In recent years, however, the U.S. stock market has been on a tear, including pushing the Permanent Fund to returns of 15.5 percent last year, about twice its general goal.

During that time, hedge fund returns in Alaska and elsewhere have lagged the stock market's torrid performance. Now, managers of pension funds, endowments and sovereign wealth funds are questioning the values of hedge funds, as well as their cost.

"They're expensive," Burns acknowledged.

The action by the more than $300 billion CalPERS fund sent shock waves through the investment world, but Permanent Fund managers who discussed the issue at this year's annual meeting in Juneau said there are important differences between Alaska's fund and CalPERS.
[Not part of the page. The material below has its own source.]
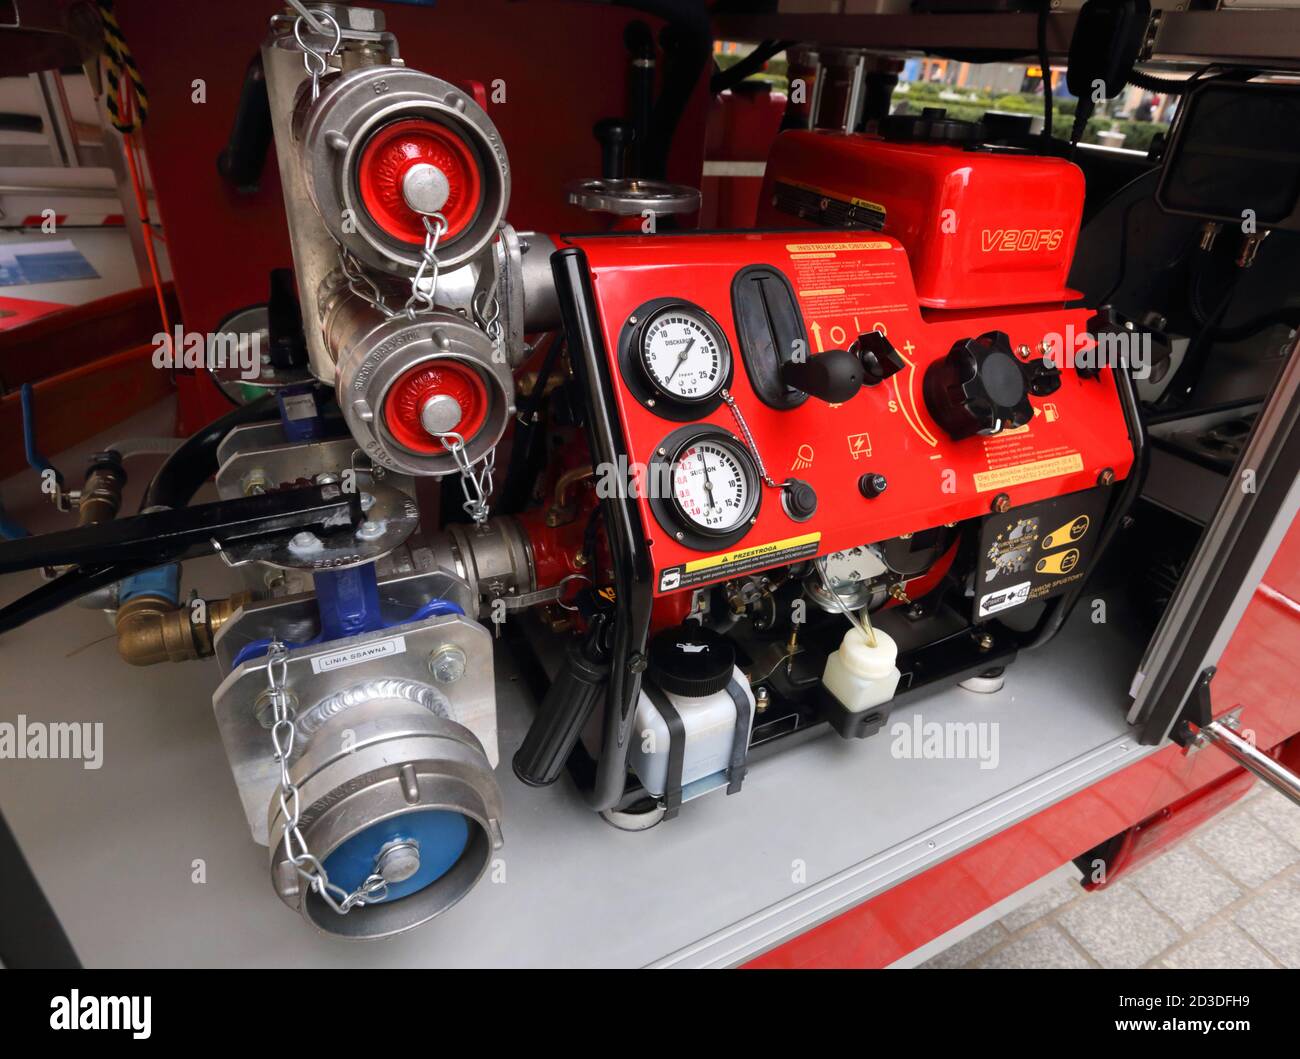 Cracow. Krakow. Poland. Fire engine water pump in the fire truck storage compartment. Stock Photo

APFC Chief Investment Officer Jay Willoughby said CalPERS was having trouble finding enough hedge funds to invest in to have a meaningful impact on the huge fund. It had sought to invest 6 percent in hedge funds, but couldn't get above 3 percent, an amount that wasn't enough to make a meaningful impact on a fund the size of CalPERS.

"It just doesn't move the needle," Willoughby said. That lack of scale, combined with modest returns and high cost, prompted the decision in California.

At Thursday's meeting in Juneau, Permanent Fund adviser Gregg Allen of San Francisco-based investment consultant Callan Associates said he supported the CalPERS decision.

"I'm from California, and as a taxpayer I'm glad they changed their philosophy on that," Allen said.

But he didn't recommend Alaska do the same.

Burns said that most hedge funds are relatively small, with the Permanent Fund holding stakes in 120 different funds. It hires three separate "fund of fund" managers to pick hedge fund managers to serve Alaska's needs. That structure further raises costs, he said.

Burns said the Permanent Fund currently has 6 percent invested in hedge funds, near CalPERS' goal.

And they've been a good investment for Alaska he said, even if they've recently lagged the roaring U.S. stock market.

The $51 billion Alaska Permanent Fund uses hedge funds to minimize risk and reduce the fund's overall volatility.

"They're mitigating risk, Burns said. "They're doing what we hired them to do, but it doesn't look very sexy right now."

During the financial crisis, Alaska's hedge fund investments did what they were hired for, but losing less than other investments didn't look very sexy at the time, he acknowledged.

"They did what they were supposed to do, but the crisis wasn't pretty, and nothing was pretty," Burns said.

Willoughby told the fund's Board of Trustees that CalPERS' action could benefit Alaska by putting pressure on hedge fund managers to compete on fees, and reduce costs to the Permanent Fund.